Интересным в данном пособии представляется установление, наряду с китайским, центральноазиатского хозяйственно-культурного типа (ХКТ) в виде кочевого и полукочевого скотоводства на рубеже II и I тыс. до н. э. на территориях вокруг современной «внешней» Монголии: от Восточного Туркестана с запада до Южной Маньчжурии на востоке, от Гоби и Ордоса с юга до Тувы и Забайкалья на севере (с. 50). Это укрепляет нас в предположении, что в Средней Азии и Казахстане до Великого переселения народов центральноазиатского ХКТ не было, как, впрочем, и военно-демократического устройства кочевых «алтайских» племён-государств, несмотря на общий скифский прототип материальной культуры. По крайней мере, сведения из исторических записок Сыма Цяня (135–67 гг. до н. э.) о центральноазиатских кочевниках VII–VI вв. до н. э. «ничем не напоминают обширные повествования Геродота о причерноморских скифах» (с. 50), но удивительно схожи с более поздними описаниями гуннского, древнетюркского, монголо-татарского и ногайско-узбекского быта, в социокультурном смысле связанного с казахским.
Так, со ссылкой на китайские источники пособие приводит следующие сведения о племенах Внутренней Монголии жунах и дунху: «…переходят со скотом с места на место, смотря по достатку в траве и воде… живут в круглых юртах, из коих выход обращён к востоку. Питаются мясом, пьют кумыс… кто храбр, силён и способен разбирать спорные дела, тех поставляют старейшинами. Наследственного преемствия у них нет. Каждое стойбище имеет своего начальника. От ста до тысячи юрт составляют общину… От старейшины до последнего подчинённого каждый сам пасёт свой скот и печётся о своём имуществе, а не употребляют друг друга в услужение…
В каждом деле следуют мнению женщин, одни военные дела сами решают… Войну ставят важным делом… Высшие сохраняют простоту в отношении низших, а низшие служат высшим (т. е. выборным старейшинам и вождям), руководствуясь искренностью и преданностью» (там же, с. 51).
Древнее китайское указание (VII в. до н. э.) на изначальную «сотенную» организацию общин «восточных варваров» и то, что они «не были политически объединены» (с. 51), наталкивают на следующую мысль. Над всей совокупностью более или менее лично свободных кочевников Центральной Азии обретали попеременное господство различного рода доминирующие племена, под именами которых кочевники и пребывали, пока Чингисхан не восстановил, наконец, их сотенную организацию снова, но уже в рамках единой империи без какой-либо наследственной родоплеменной аристократии.
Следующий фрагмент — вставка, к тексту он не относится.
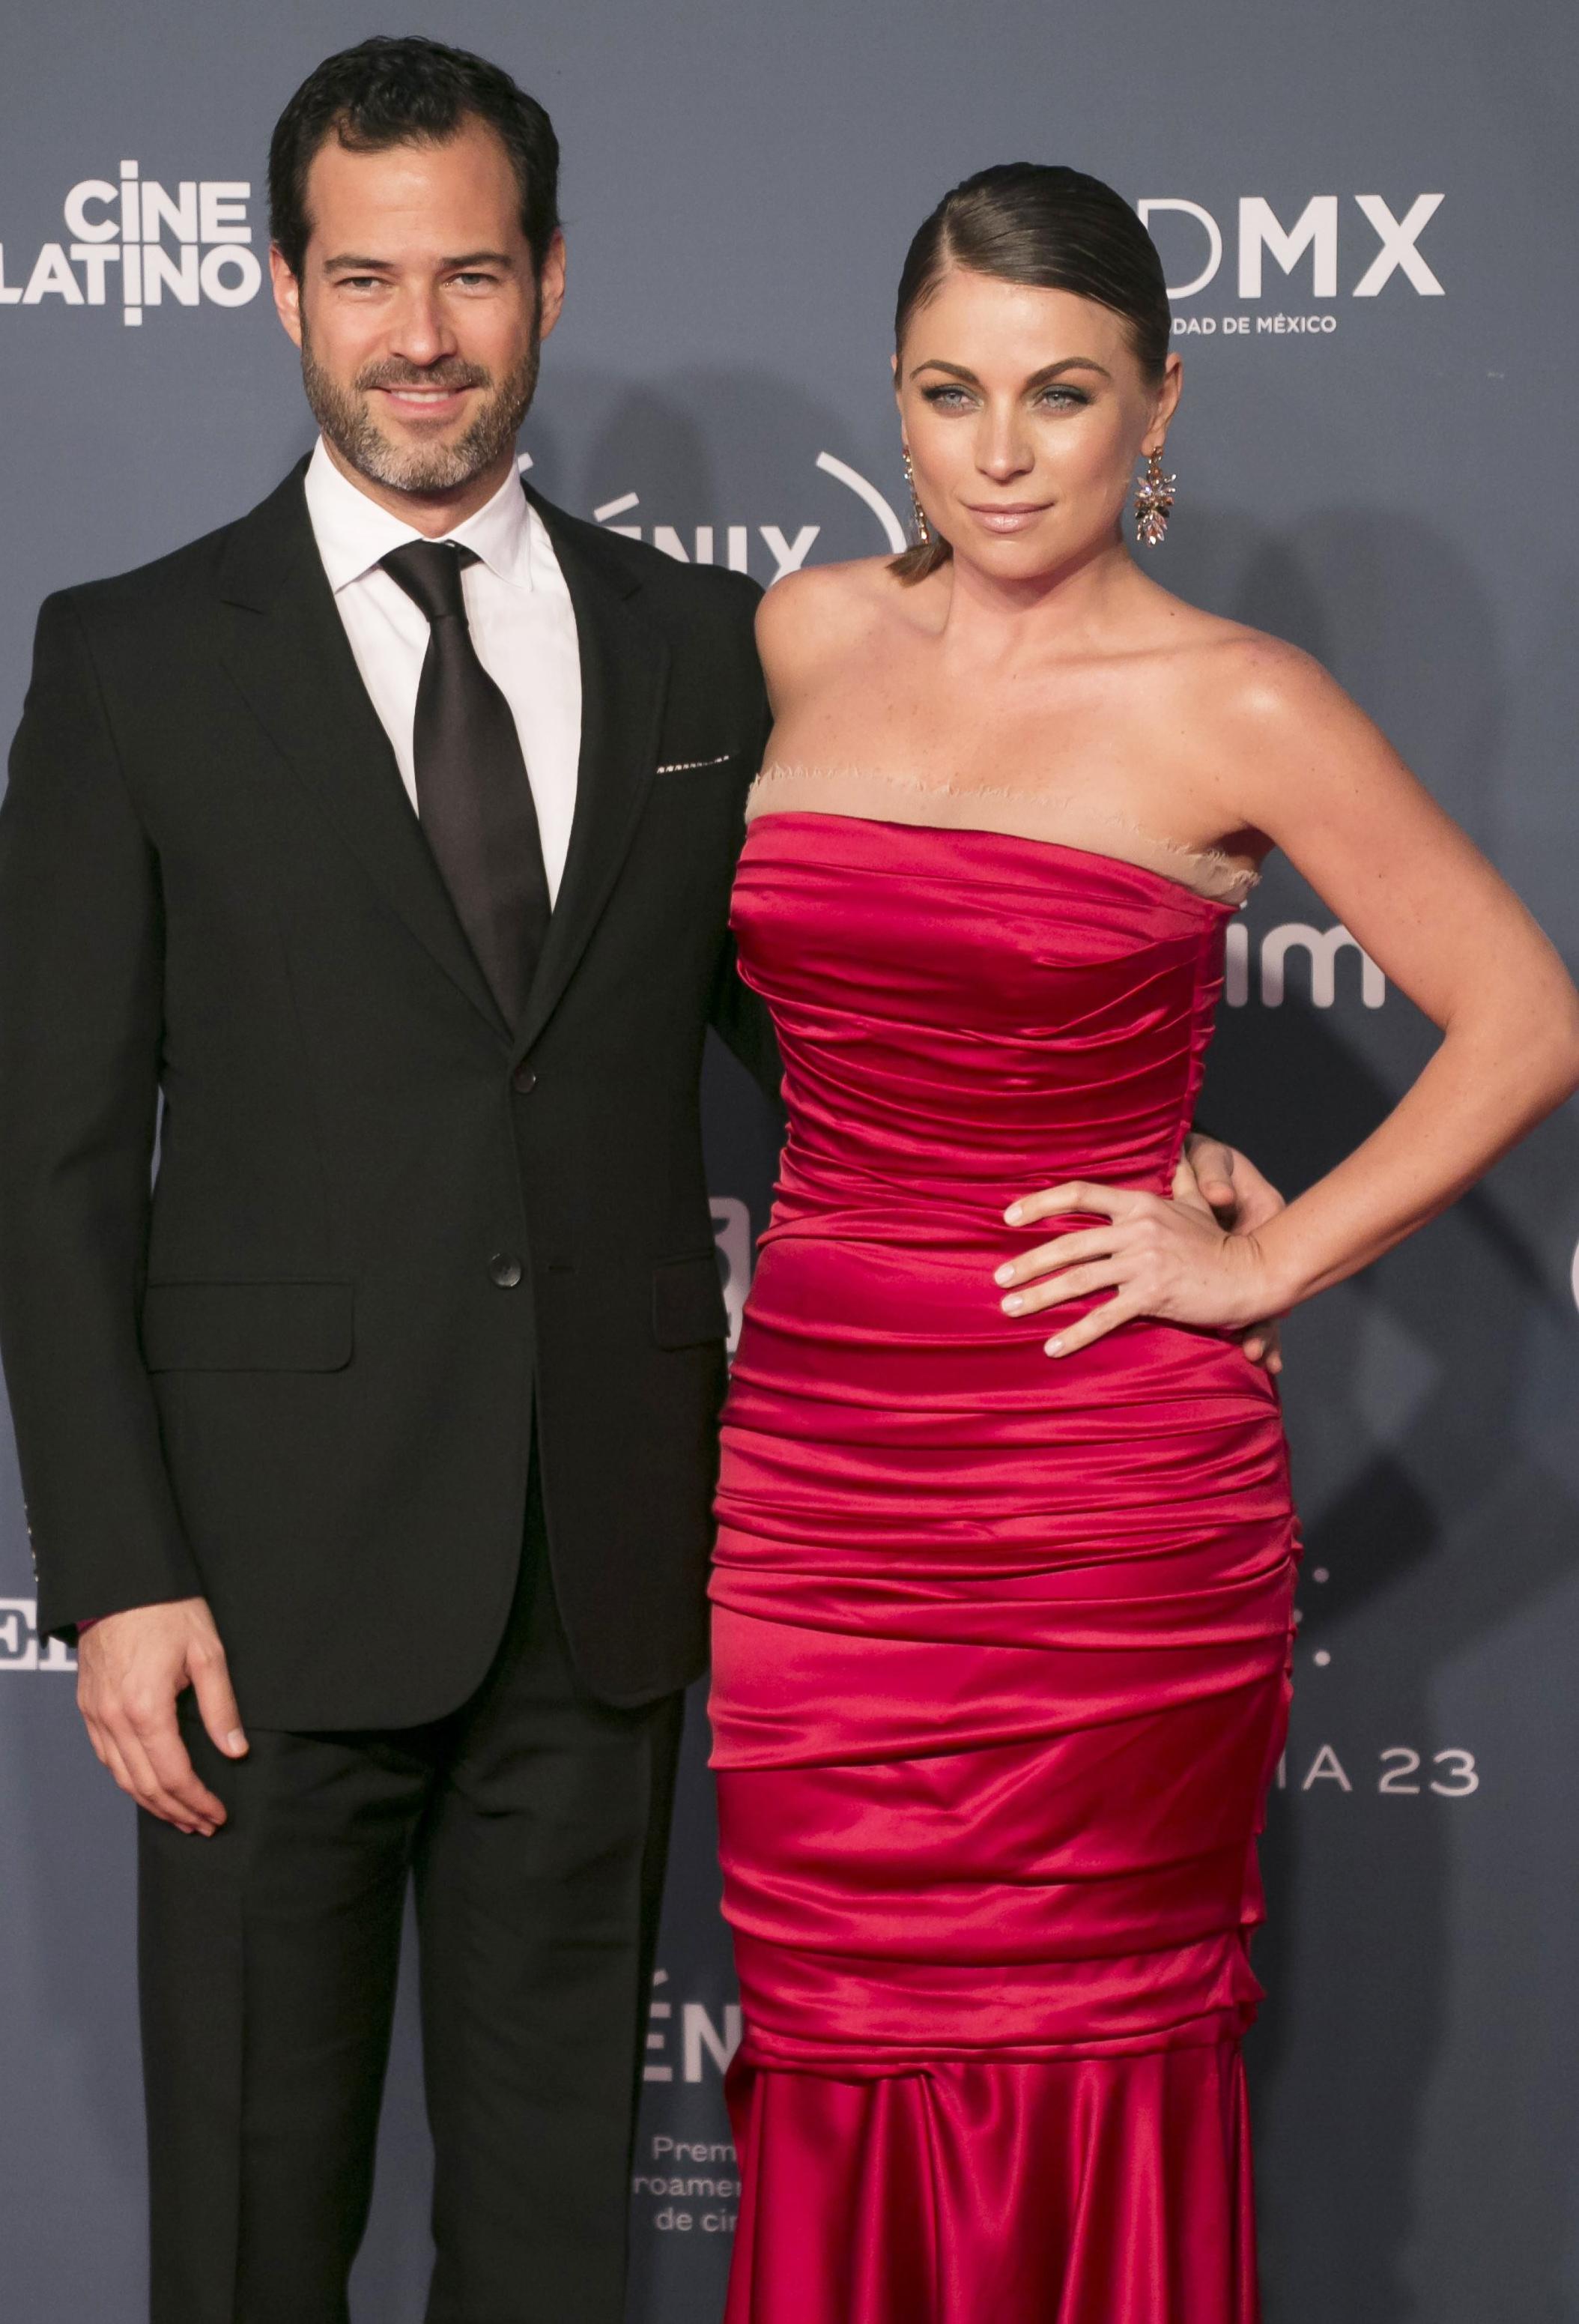 Emiliano Salinas and Ludwika Paleta

Если учесть в отношении первого такого племенного союза, что «антропологически хунну были монголоиды, что подтверждают материалы их хуннских погребений Монголии» (с. 58) и что язык поздних «северных» гуннов, откочевавших в I в. н. э. в Семиречье и Восточный Казахстан («земли усуней»), был одинаков с древнетюркским языком гаогюйцев по вполне осведомлённому китайскому источнику (с. 69), то вышеуказанные предположения о возможных опосредствованных связях между гуннами и казахами по культурно-бытовым признакам не должны выглядеть мифологическими. (В конце концов, мифотворческие тезисы К. Даниярова и Б. Адилова вредны науке не столько по содержанию выдвигаемых ими тезисов, сколько по методам их обоснования, которые «надолго и всерьёз» отталкивают науку от смелых, интересных научных идей.)
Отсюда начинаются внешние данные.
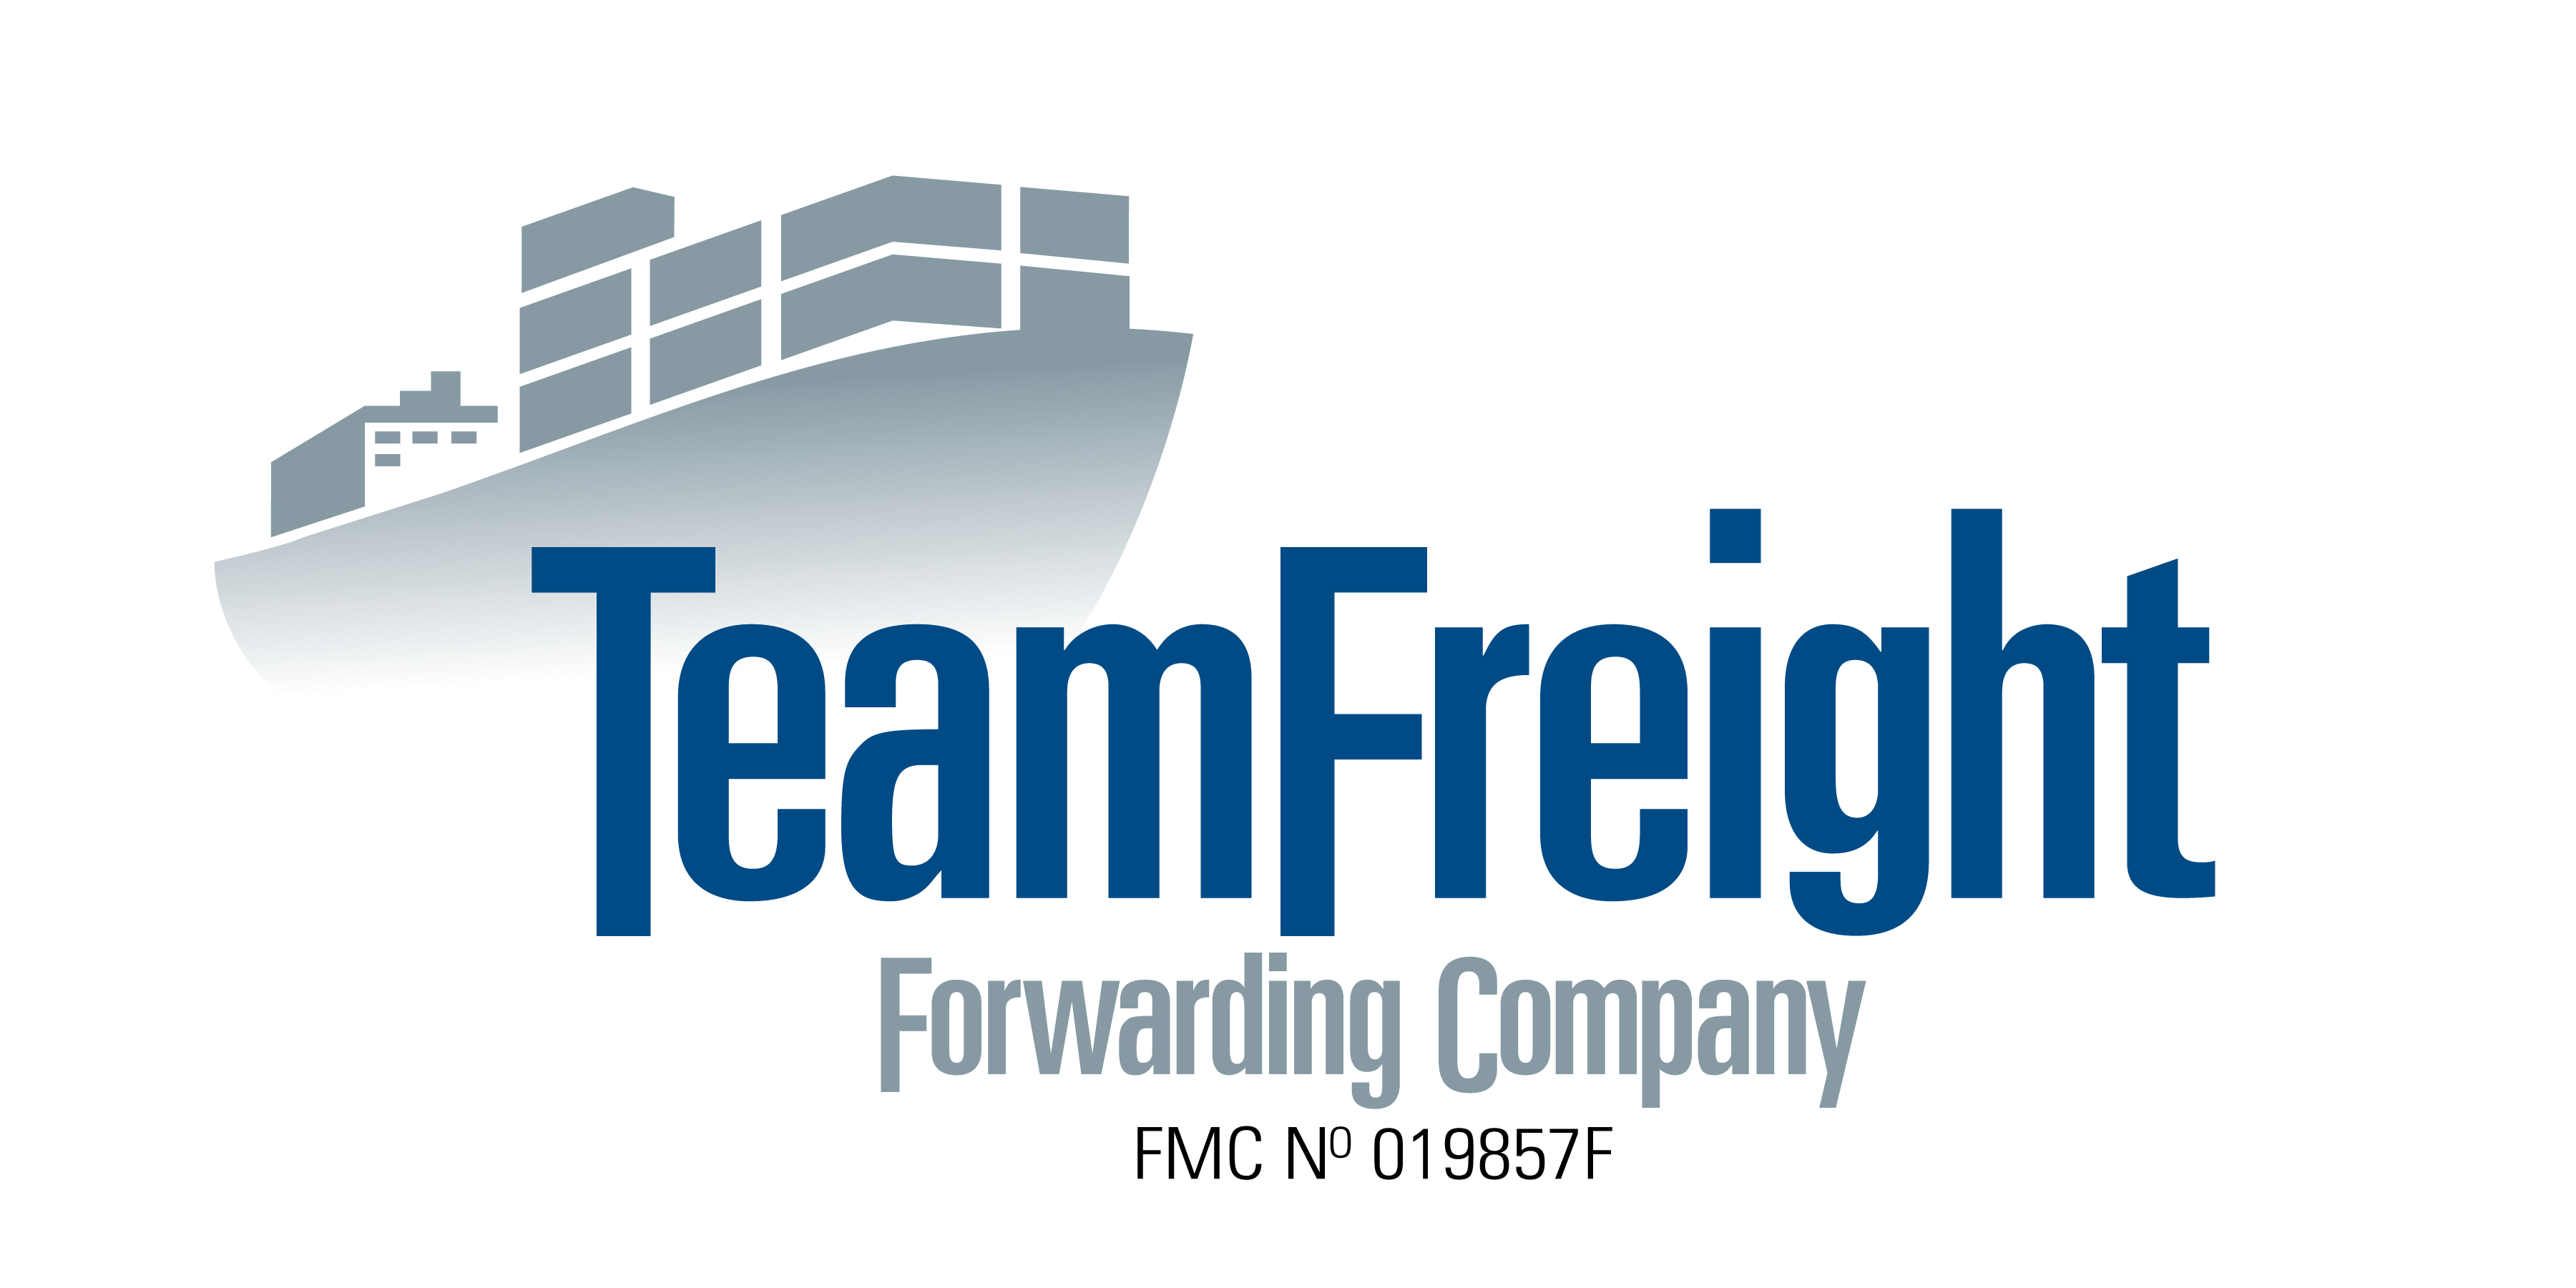 TeamFreight Forwarding Company image 1

Аммиан Марцеллин, вполне известный и авторитетный римский автор V в., подтверждает предположение о схожести быта и нравов гуннов с более поздними монголоидными и тюркоязычными кочевыми народами: «…все они отличаются плотными и крепкими членами, толстыми затылками… кочуя по горам и лесам, они с колыбели приучаются переносить холод, голод и жажду; и на чужбине они не входят в жилище за исключением крайней необходимости… они плохо действуют в пеших стычках, но зато как бы приросшие к своим выносливым, но безобразным на вид лошадёнкам, и иногда, сидя на них по-женски, они исполняют на них все обычные свои дела… если случится рассуждать о серьёзных вещах, они все сообща советуются в том же обычном порядке; они не подчиняются строгой власти царя, а довольствуются случайным предводительством знатнейших и сокрушают всё, что попадается на пути… У них никто не занимается хлебопашеством и никогда не касается сохи… кочуют по разным местам, как будто вечные беглецы, с кибитками, в которых они проводят жизнь» (там же, с. 66–67).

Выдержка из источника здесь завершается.